I'm trying to implement the code shown in this pdf. More precisely (page 50):
#define SM (CLS / sizeof (double))
for (i = 0; i < N; i += SM)
for (j = 0; j < N; j += SM)
for (k = 0; k < N; k += SM)
for (i2 = 0, rres = &res[i][j],
rmul1 = &mul1[i][k]; i2 < SM;
++i2, rres += N, rmul1 += N)
for (k2 = 0, rmul2 = &mul2[k][j];
k2 < SM; ++k2, rmul2 += N)
for (j2 = 0; j2 < SM; ++j2)
rres[j2] += rmul1[k2] * rmul2[j2];
Now, as far as I'm concerned, rres
is int*
, rmul2
and rmul1
too.
Should it look like
int *rres;
int *rmul1;
int *rmul2;
for (i = 0; i < N; i += SM)
for (j = 0; j < N; j += SM)
for (k = 0; k < N; k += SM)
for (i2 = 0, *rres = &res[i][j],
*rmul1 = &mul1[i][k]; i2 < SM;
++i2, rres += N, rmul1 += N)
for (k2 = 0, *rmul2 = &mul2[k][j];
k2 < SM; ++k2, rmul2 += N)
for (j2 = 0; j2 < SM; ++j2)
rres[j2] += rmul1[k2] * rmul2[j2];
Because this seems more or less reasonable to me bit gives wrong results. For example, if I have two matrices 2 x 2, randoms values 0 or 1, I get:
-1520010527 23996350
212687419 207125308
which is far from good.
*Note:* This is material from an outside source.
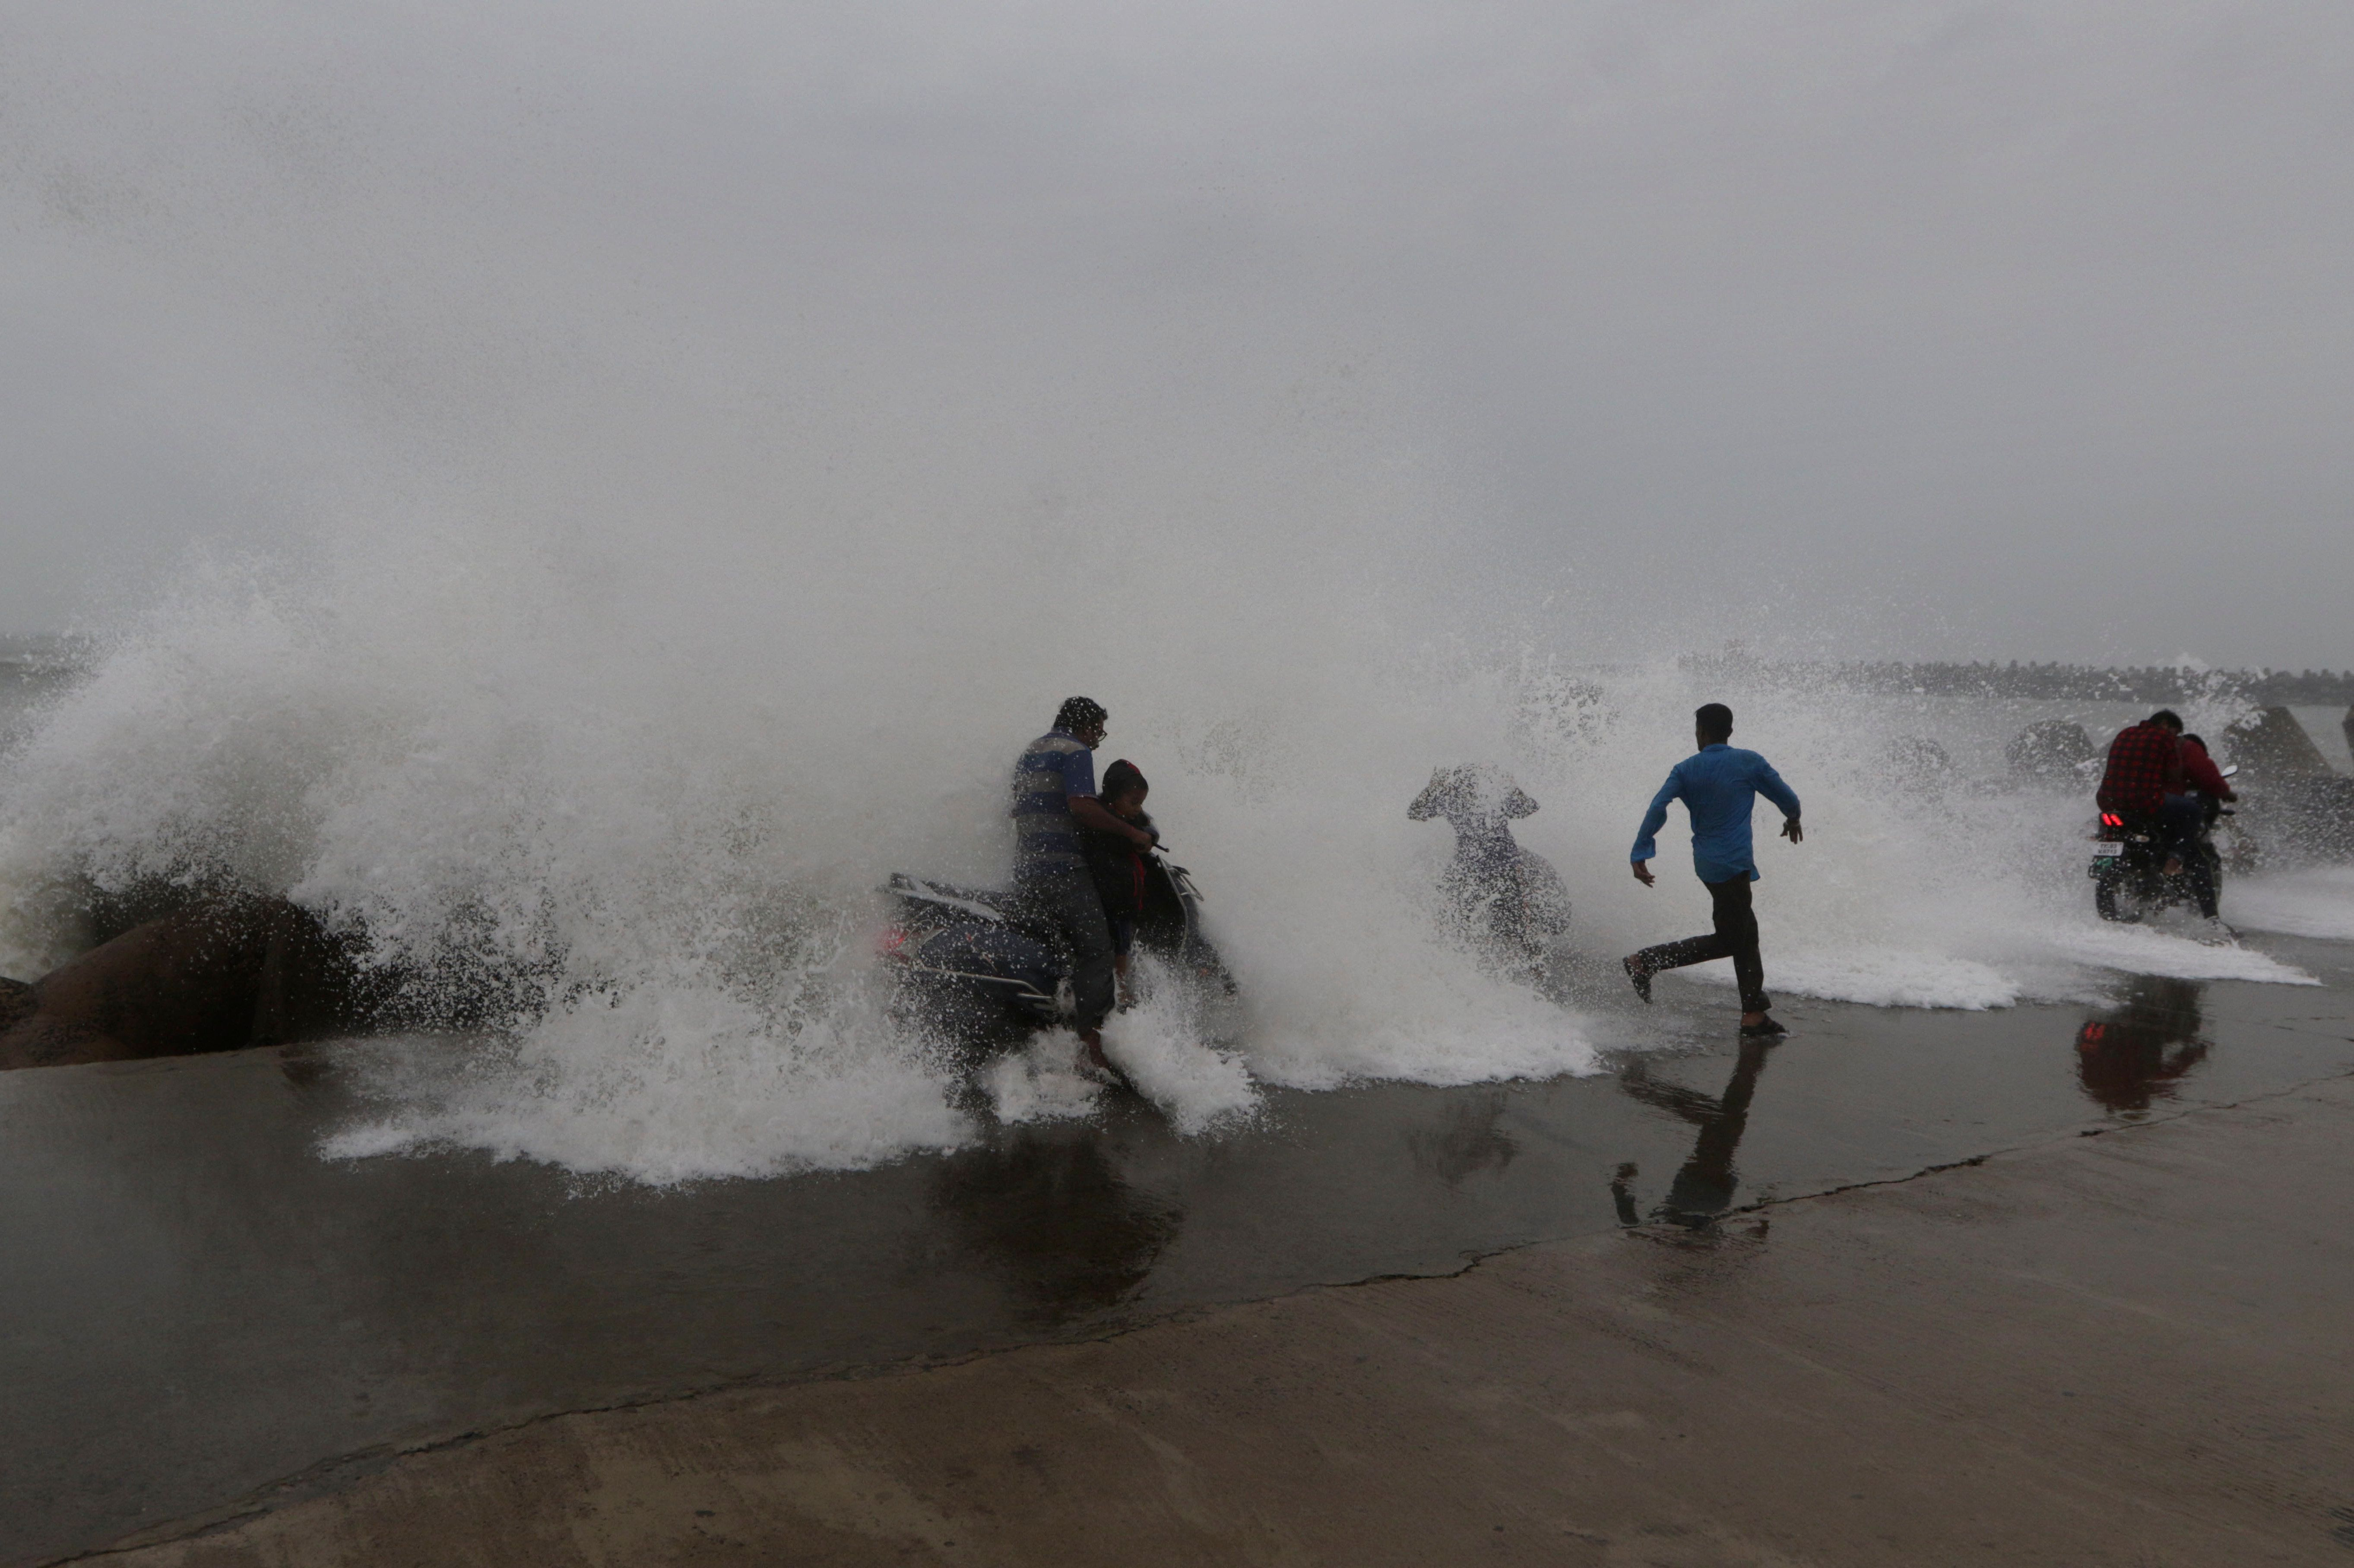 Cyclone Phethai Barrels Through Andhra Pradesh, One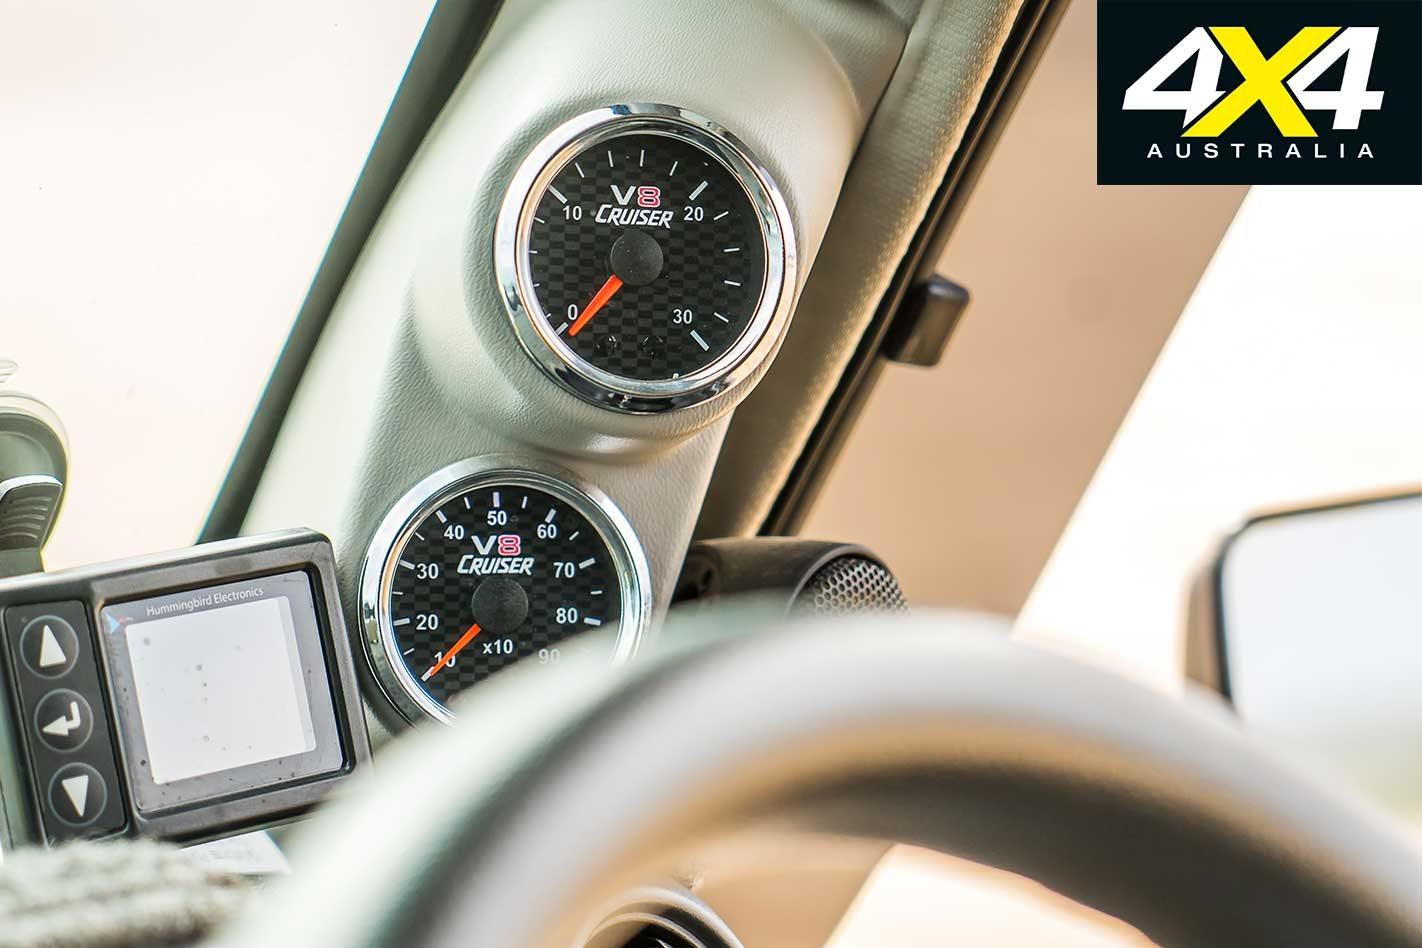 GALLERY: Toyota Land Cruiser 79 Series

My guess is that I use *
wrong but I can't tell where...
EDIT:
Declaration of res
:
int **res = (int **)malloc(N * sizeof(int *));
for (int i = 0; i < N; i++) {
res[i] = (int *)malloc(N * sizeof(int));
}
for (int i = 0; i < N; i++) {
for (int j = 0; j < N; j++) {
res[i][j] = 0;
}
}